Migratory Birds in Egypt through the Lens of Watter AlBahry


Many raptor species around the world are declining (McClure et al 2018, Cruz et al 2021),
but monitoring population changes of raptors can be logistically difficult because most
species have large home ranges and breed at low densities in sometimes remote localities.
For migratory species, counts at migratory bottlenecks can provide useful indices of
population size for a given region, and require much lower effort than breeding season
surveys covering large areas (Farmer et al 2007, Jobson et al 2021, Panuccio et al 2021).
For birds from western Palaearctic breeding grounds that winter in Africa, the northern
Red Sea coast of Egypt is a well-known bottleneck during spring migration (Porter &
Beaman 1985, Hilgerloh 2009, Megalli & Hilgerloh 2013).
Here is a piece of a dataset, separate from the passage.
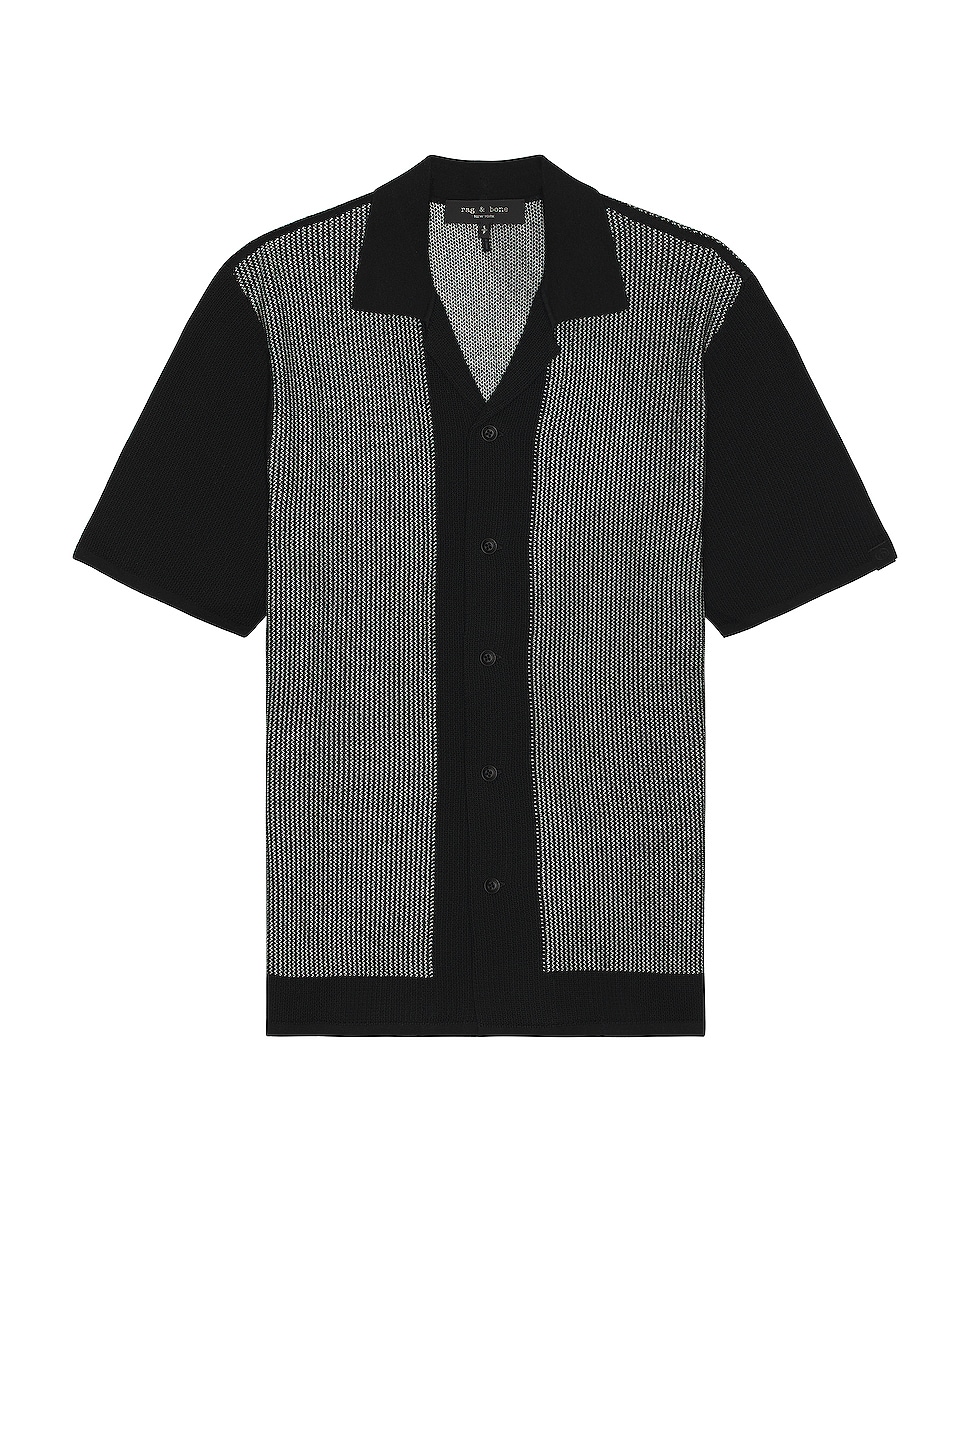 Image 1 of Rag & Bone Harvey Knit Camp Shirt in Black & White

Birds that winter across a large
area of sub-Saharan Africa migrate north-east until they meet the Red Sea, and then follow
the western Red Sea coastline to the northern tip of the Red Sea at Suez (Buechley et al
2018, Phipps et al 2019, Panuccio et al 2021). Previous counts of migratory birds in this area indicate that the region is likely to be of global importance for Lesser Spotted Eagle Clanga pomarina, Steppe Eagle Aquila nipalensis, Short-toed Snake Eagle
Circaetus gallicus, and Egyptian Vulture Neophron percnopterus (Jobson et al 2021).

Monitoring raptors along this flyway can therefore provide useful indices of the size of eastern European and western Asian populations for several species of conservation priority. Recent research using bird tracking devices has shown that the migratory tracks of
many individual Egyptian Vultures converge just south of Suez over the North Galala
plateau (Buechley et al 2018, Phipps et al 2019, Oppel et al 2022). In this particular area,
an exhaustive count of migratory soaring birds over two months in the spring of 2012
at Ayn Sokhna recorded 183 275 migratory soaring birds of 28 species during 310 hours
of observation (Megalli & Hilgerloh 2013).